# RRSP question: borrow to max contribution?



## rglempera (Apr 2, 2011)

Hi, I'm trying to decide how to handle RRSP contributions for my wife. Here's the situation: My wife did not work at all in 2013, she was on maternity leave from Jan 1 to Aug 30, and then unemployed the rest of the year. Her only 2013 income was EI, for $17k. Based on her 2012 income, her contribution limit for 2013 RRSP is $8k. She started working again Jan 1 this year, and will continue to work until Aug 1, then go on maternity leave again. Her 2014 income will be roughly $53k ($43k from work, $10k from EI). I anticipate her RRSP contribution allowance for 2014 will be ~$1,450 (18% of the $17k she made in EI in 2013).

We don't have the cash available to hit her $8k contribution limit at the moment, but could sell some stocks and get it freed-up in ~3-4 weeks. So I'm asking myself "Should I borrow $8k on my HELOC (2.5%) and pay it back in a month, or should I carry forward the $8k for her 2014 return?"

I'm thinking I should carry it forward and contribute $9.5k next year. In addition to not paying interest on the $ borrowed, I believe it would have more impact next year since my wife will be in a higher tax bracket for her 2014 return. Does that make sense, or should I reconsider short-term borrowing to top up in the next few days?

Thanks, RG


----------



## wendi1 (Oct 2, 2013)

Your wife does not have enough income this year to generate a good refund from an RSP contribution. So, don't borrow from your HELOC. This is a bad idea, anyway - the interest is not tax deductable.

If you want to contribute some cash this year, you don't have to take the credit this year, you can move it to a future year if you like. But have you considered opening a spousal RSP for her? It goes against your contribution limit, not hers, but you get the tax refund.

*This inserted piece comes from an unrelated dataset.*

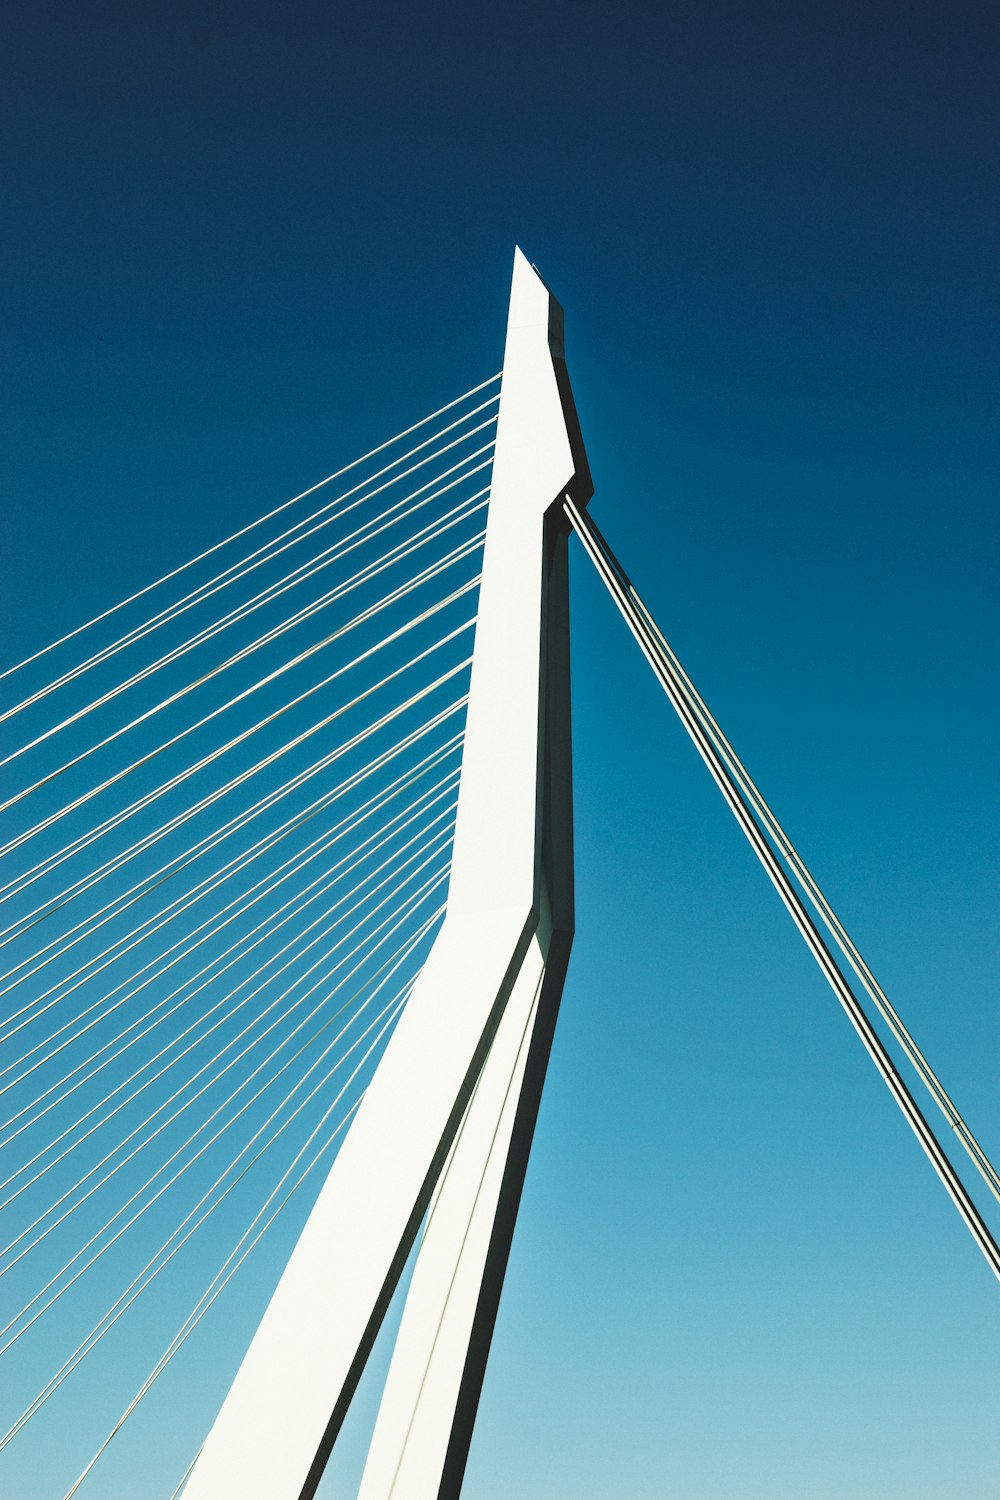 Puente blanco y negro bajo el cielo azul durante el día

What *I *would do is set up a monthly contribution to her RSP starting now, at $900 a month, take the contribution next year or in a future year, depending on what she earns in 2014.


----------



## CanadianCapitalist (Mar 31, 2009)

Your spouse earned only $17K in 2013, so it doesn't make much sense to claim a RRSP deduction for 2013. I'm not so sure that she should claim a RRSP deduction for 2014 either. You'll have to run the numbers but it may make sense for her to carry contribution / room to a future year when she'll have a full year of income. Also, I'm pretty sure EI payments are not earned income, so there won't be any RRSP room created from that source.


----------



## OptsyEagle (Nov 29, 2009)

Also, if this next maternity situation is something that can be rejigged and slightly rescheduled (most are not) you should look into the maximum income allowed under the EI program. If I recall, EI is set up that if you earn enough money throughout the part of the year where you are working, they will require you to pay back the EI they give you. I just don't know at what income level this happens, but I suspect your wife is very close.


----------



## Four Pillars (Apr 5, 2009)

OptsyEagle said:


> Also, if this next maternity situation is something that can be rejigged and slightly rescheduled (most are not) you should look into the maximum income allowed under the EI program. If I recall, EI is set up that if you earn enough money throughout the part of the year where you are working, they will require you to pay back the EI they give you. I just don't know at what income level this happens, but I suspect your wife is very close.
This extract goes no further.